T five most highly rated movies(by mean rating overall users who rated them)for movies that were rated by more that 100 people are A CLose Shave, Schindler's list, The Wrong Trousers, Casablanca, and The Shawshank Redemption. 

### Using the Jaccard Index Method

#### Part 1

In [57]:
from math import*
def jaccard_similarity(x,y):       #function that calculates the jaccard index for two moives 
    intersection_cardinality = len(set.intersection(*[set(x), set(y)]))
    union_cardinality = len(set.union(*[set(x), set(y)]))
    return intersection_cardinality/float(union_cardinality)
jaccard = []
def getkey(item):   #get moive names from a dictionary framwork 
    return item[1]
gy_title = ratings.groupby('title')    #groupby movie names in ratings 
def j_close(x,i):    #function that finds the movies with the highest jaccard index as the movie of your choice
    x = gy_title.get_group(x)['user_id']         #finding different movies by inputting their titles 
    for key in gy_title.groups.keys():   #iteration through titles 
        y = gy_title.get_group(key)['user_id']
        jacc=(key, jaccard_similarity(x,y))
        jaccard.append(jacc)
        sort = sorted(jaccard, key = getkey, reverse = True) #sort the movies with highest jaccard index to the moive of your choice
    print(sort[1:i+1])

In [59]:
j_close('Toy Story',5)

[('Star Wars', 0.5825688073394495), ('Independence Day (ID4)', 0.5537918871252204), ('Return of the Jedi', 0.5492730210016155), ('Rock, The', 0.5341959334565619), ('Fargo', 0.5118110236220472)]
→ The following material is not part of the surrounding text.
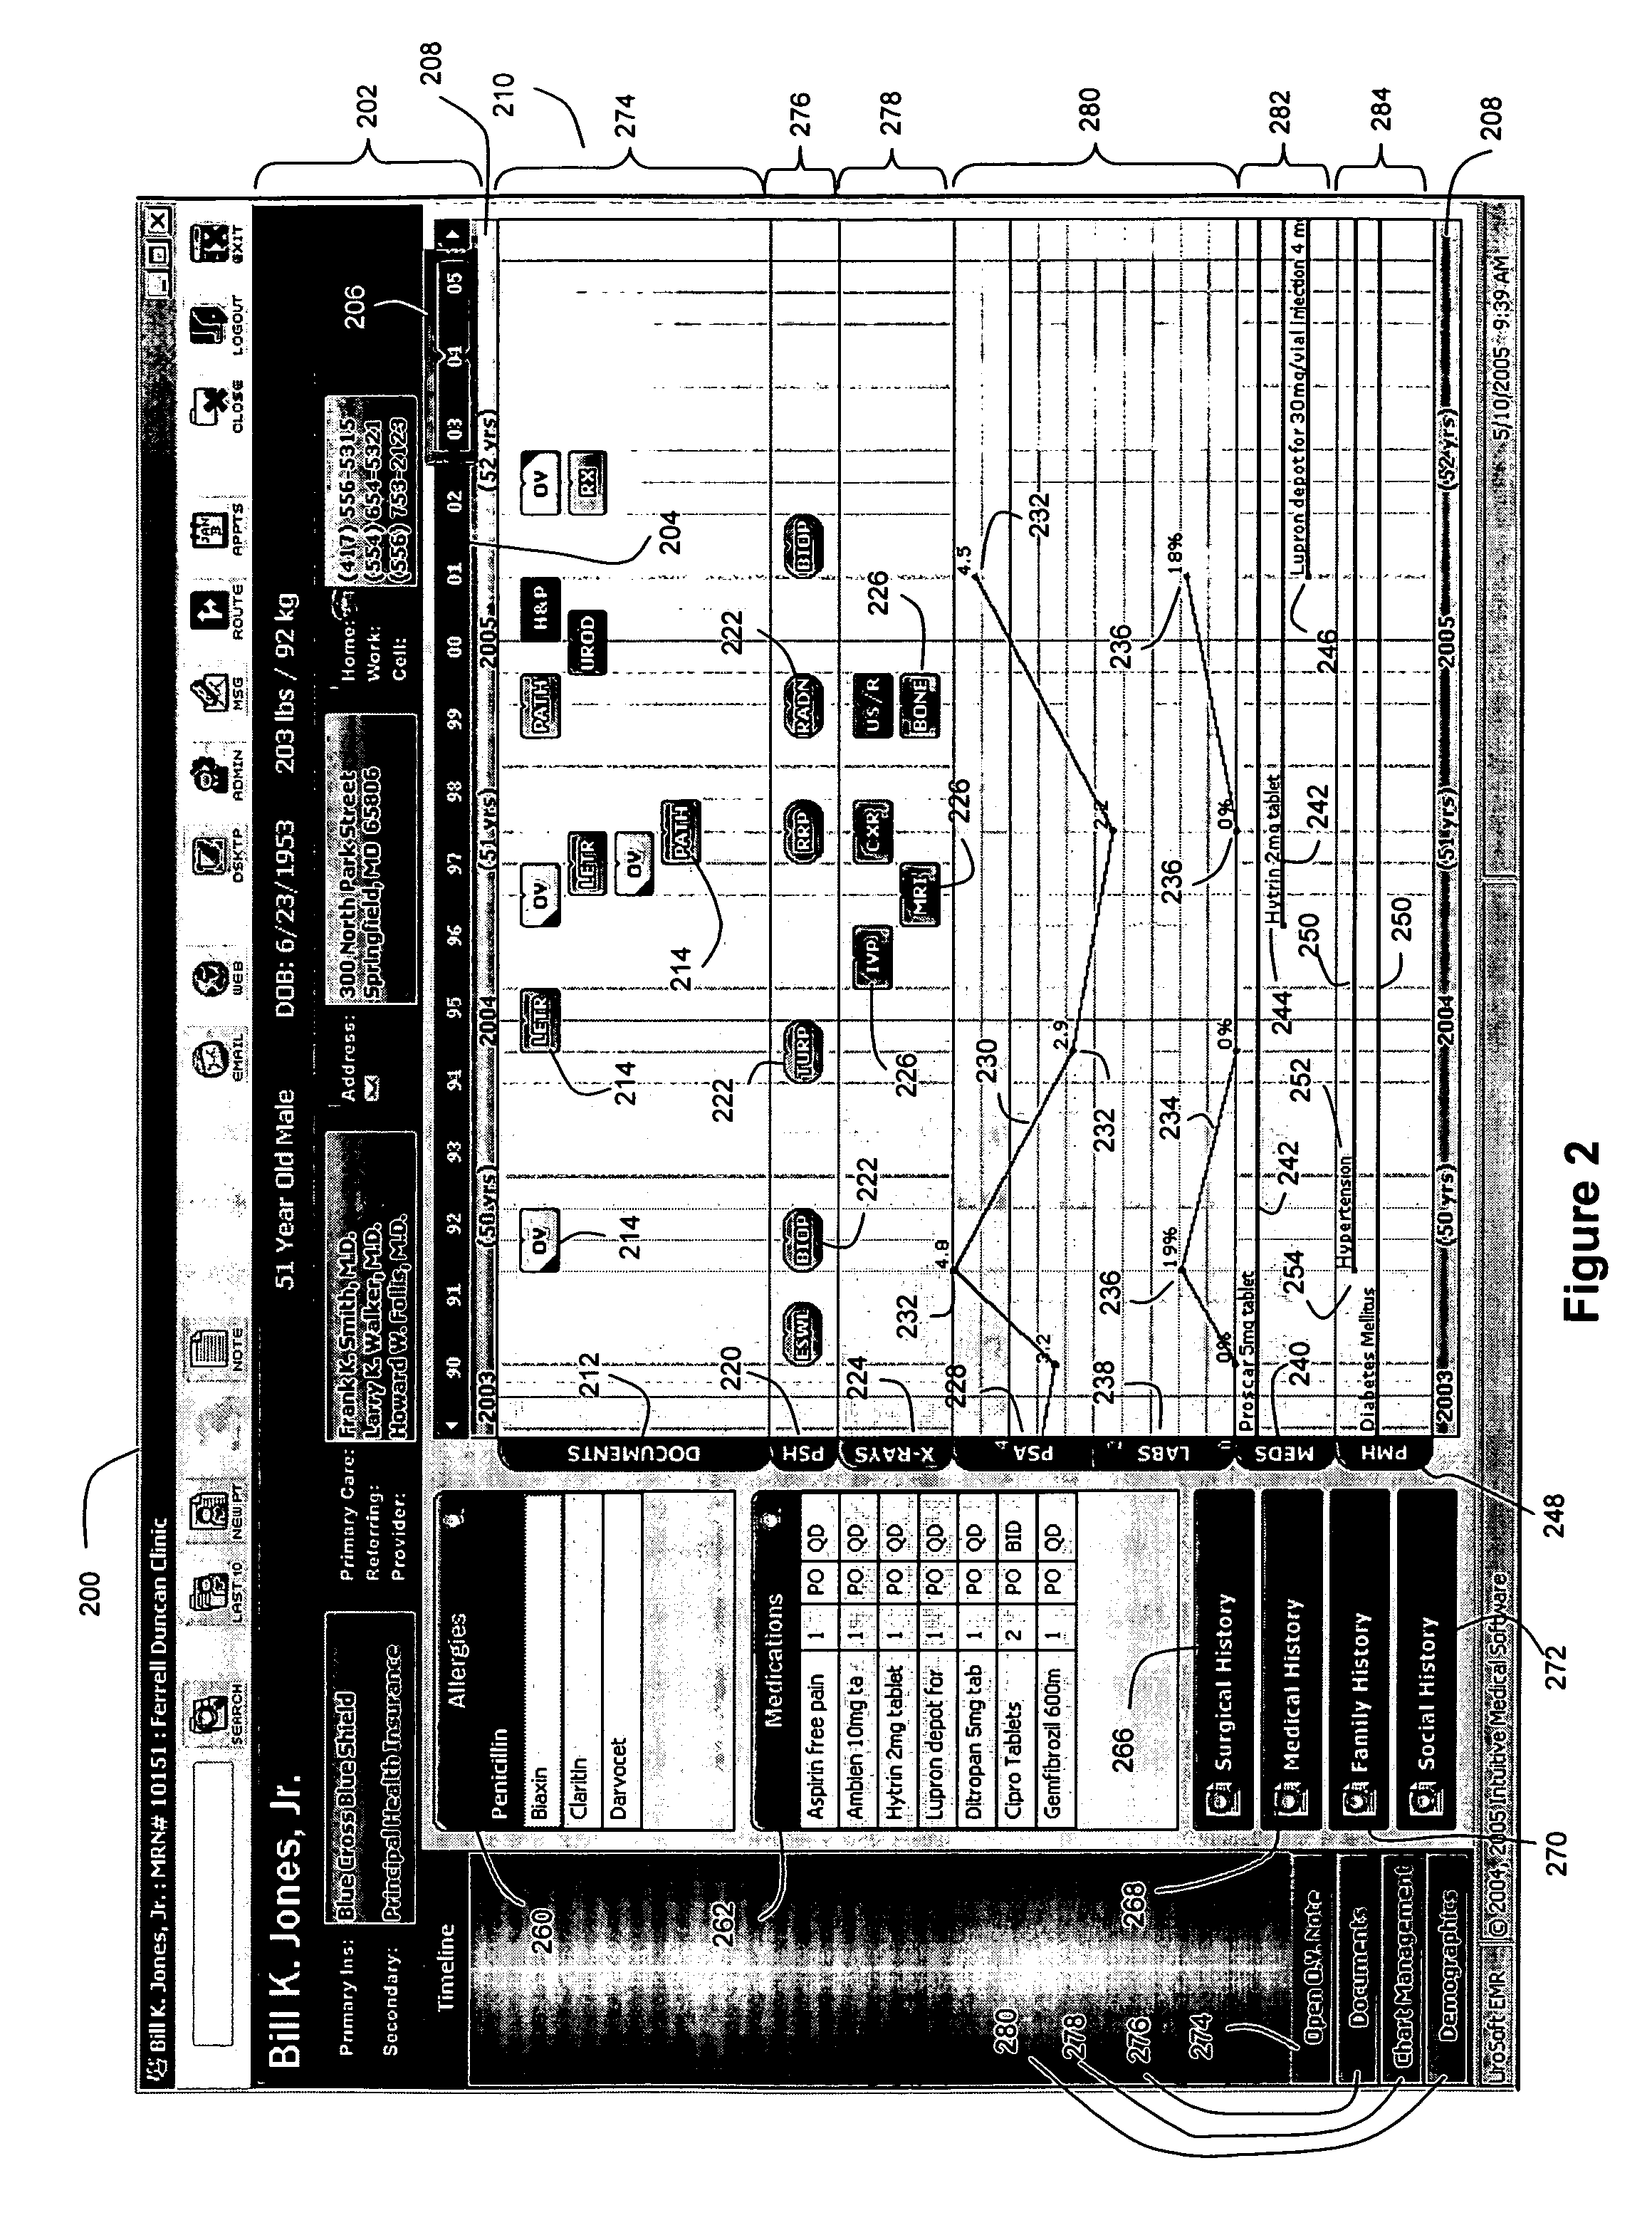 Method, system, and computer-readable medium for providing a patient electronic medical record with an improved timeline

The five closest movies by Jaccard index to Toy Story are ('Star Wars', 0.5825688073394495), ('Independence Day (ID4)', 0.5537918871252204), ('Return of the Jedi', 0.5492730210016155), ('Rock, The', 0.5341959334565619), ('Fargo', 0.5118110236220472). 

#### Part 2

In [62]:
from math import*
def jaccard_similarity(x,y):       #function that calculates the jaccard index for two moives 
    intersection_cardinality = len(set.intersection(*[set(x), set(y)]))
    union_cardinality = len(set.union(*[set(x), set(y)]))
    return intersection_cardinality/float(union_cardinality)
jaccard = []
def getkey(item):
    return item[1]
gy_title = ratings.groupby('title')
def j_close(x,i):
    x = gy_title.get_group(x)['user_id']
    for key in gy_title.groups.keys():
        y = gy_title.get_group(key)['user_id']
        jacc=(key, jaccard_similarity(x,y))
        jaccard.append(jacc)
        sort = sorted(jaccard, key = getkey, reverse = True)
    print(sort[1:i+1])

In [63]:
j_close('Casablanca',5)

[('Citizen Kane', 0.4798657718120805), ('Wizard of Oz, The', 0.47289156626506024), ('2001: A Space Odyssey', 0.45507246376811594), ('Dr. Strangelove or: How I Learned to Stop Worrying and Love the Bomb', 0.45182724252491696), ('Raiders of the Lost Ark', 0.4444444444444444)]


The five closest movies by Jaccard index to Casablanca are ('Citizen Kane', 0.4798657718120805), ('Wizard of Oz, The', 0.47289156626506024), ('2001: A Space Odyssey', 0.45507246376811594), ('Dr. Strangelove or: How I Learned to Stop Worrying and Love the Bomb', 0.45182724252491696), ('Raiders of the Lost Ark', 0.4444444444444444). 

#### Some comments about Jaccard Index:

The Jaccard index seems like a good indicator for a reasonable similarity metric for recommender systems. However, it does not take into account of the quality of reviews by weighting them differently. We should think critically as we are looking at the recommandations made by the jaccard index.